In the decades that followed, Germany's public finance system underwent further
changes, particularly in response to economic and political developments. For example,
the 1970s saw a period of high inflation and rising public debt, which led to the
introduction of new fiscal rules and reforms aimed at improving public finance
management.
In the 1990s, Germany faced the challenge of reunification, which required significant
investment in infrastructure and social services in the former East Germany.
In recent years, Germany's public finance system has focused on promoting fiscal
sustainability, improving public expenditure management, and supporting sustainable
economic growth. This has included the introduction of new fiscal rules and a stronger
emphasis on transparency and accountability in the management of public funds.

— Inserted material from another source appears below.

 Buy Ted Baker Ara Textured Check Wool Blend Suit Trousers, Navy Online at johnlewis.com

Germany's public finance system is characterized by a strong system of fiscal
federalism, which has played a key role in managing public finances at the federal and
state levels. The German government has continued to adapt its public finance
management system to meet the challenges of the modern world, with a focus on
promoting fiscal sustainability, transparency, and accountability

Evolution of Public Finance in Bangladesh

Since 1971,Bangladesh has undergone significant changes in its public finance system,
reflecting the challenges of a developing country with a growing population and
economy.
In the early years of independence, Bangladesh faced severe economic challenges,
including - high levels of poverty,food insecurity, and a lack of financial resources so
,the government implemented a range of policies aimed at stabilizing the economy and
promoting economic growth, including investment in agriculture, industry, and
infrastructure.In the 1980s, Bangladesh embarked on a series of economic and fiscal
reforms, including the introduction of a value-added tax, reforms to the banking sector,
and the establishment of a national planning commission to oversee public expenditure.

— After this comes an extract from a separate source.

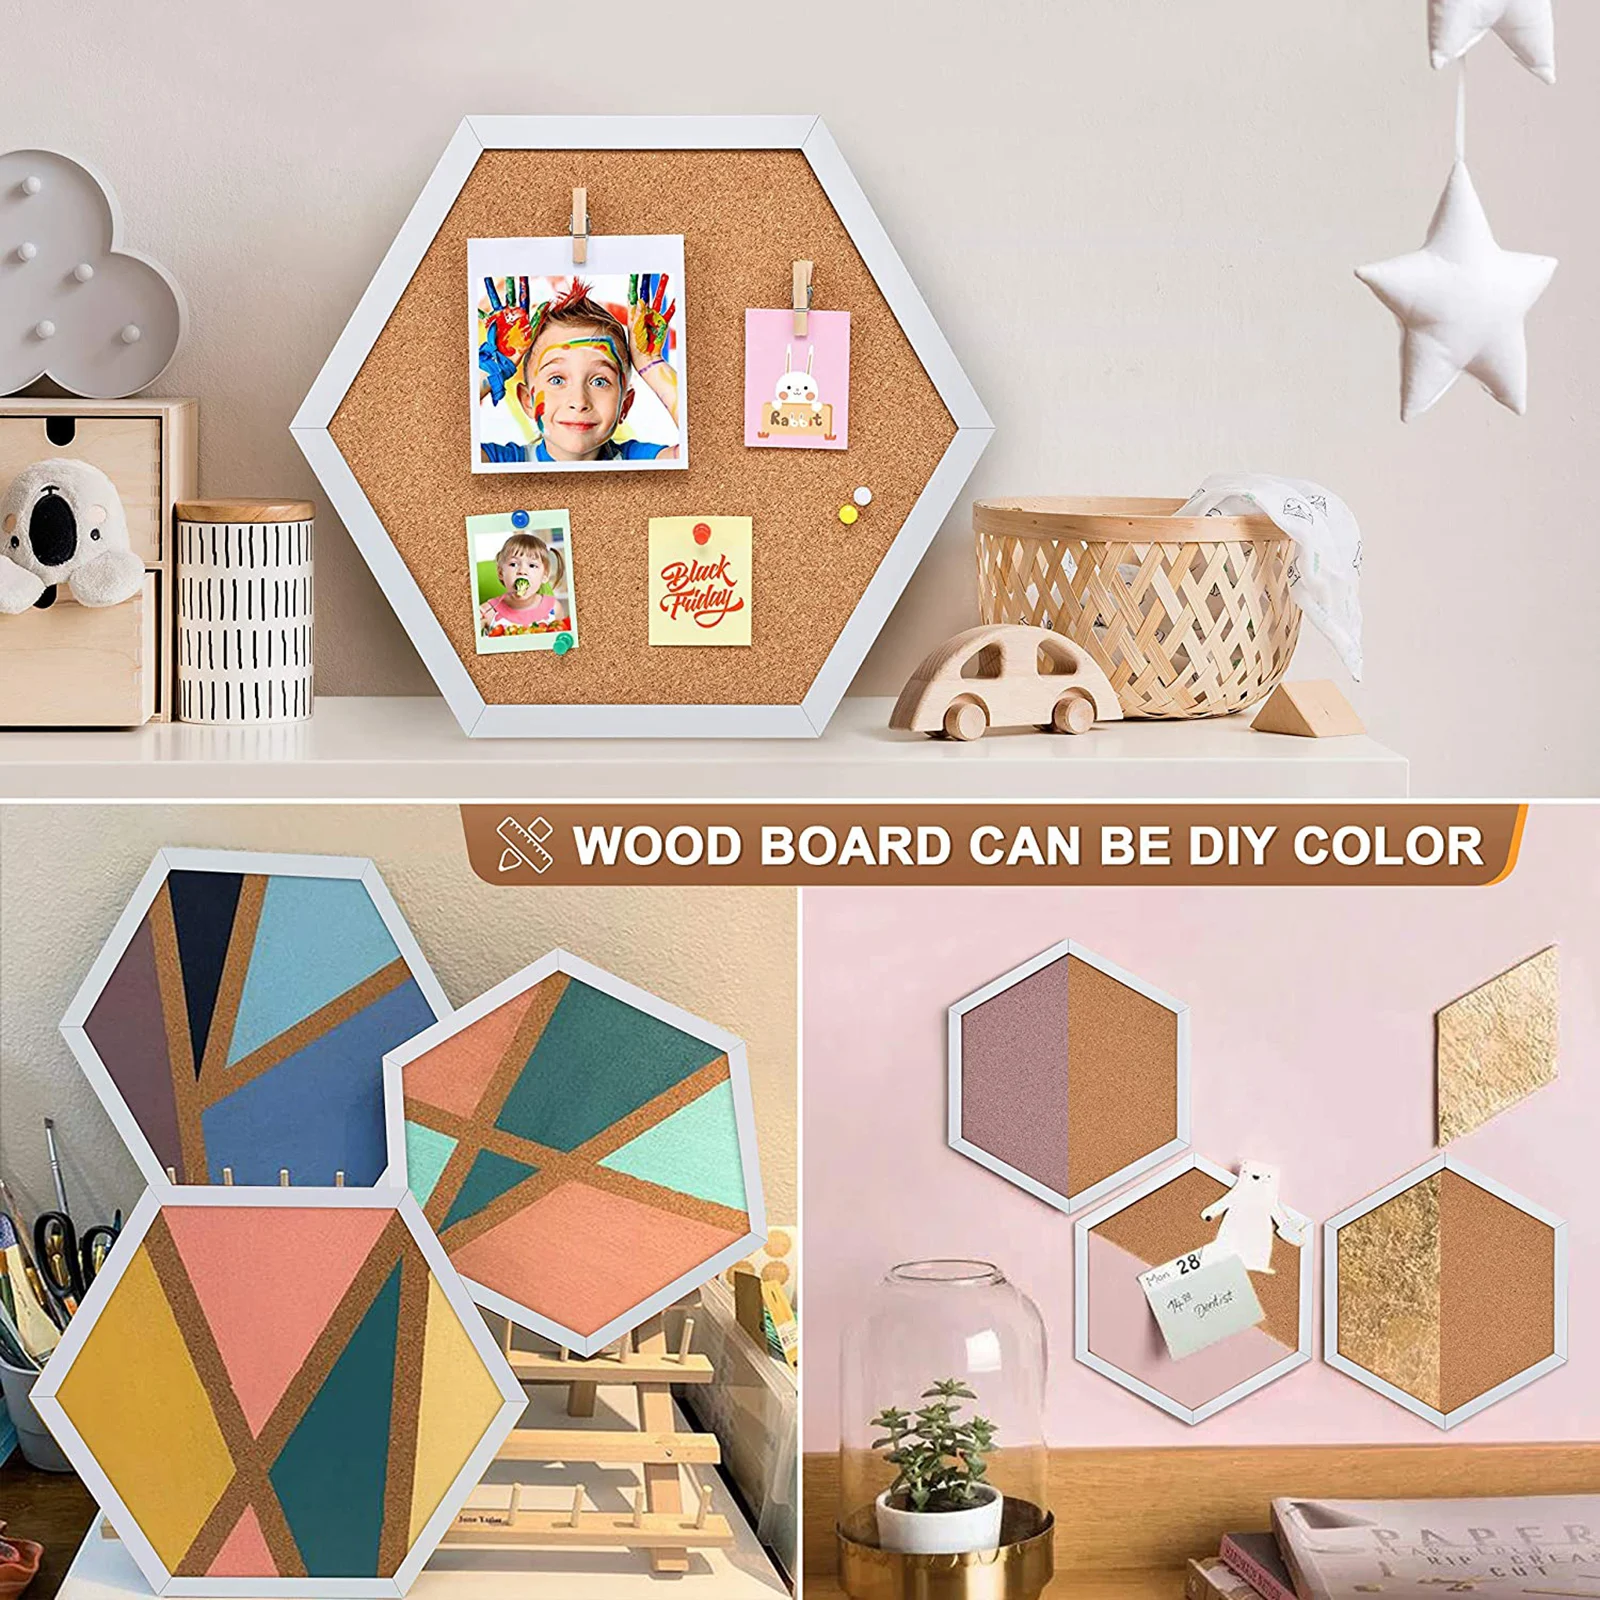 Multifunction Cork Board Office Home Wood Photo Background Hexagon Stickers Wall Message Drawing Bulletin

These reforms helped to stabilize the economy and lay the foundations for future
growth.In the 1990s and 2000s, Bangladesh continued to implement reforms aimed at
promoting economic growth and improving public finance management
In recent years, Bangladesh has focused on promoting inclusive economic growth and
reducing poverty through a range of social protection programs and targeted
investments in health, education, and infrastructure. Despite these efforts, Bangladesh
still faces significant challenges in managing public finances, including a high level of
public debt, a large informal economy, and a lack of transparency and accountability in
some areas. But, the country has made significant progress in recent years and is now
widely regarded as a success story in terms of economic growth and poverty reduction.
The evolution of public finance in Bangladesh has been shaped by the country's
economic and political history, as well as its ongoing efforts to promote inclusive growth
and reduce poverty. The government has implemented a range of reforms aimed at
improving public finance management, and while challenges remain, the country has
made significant progress in recent years.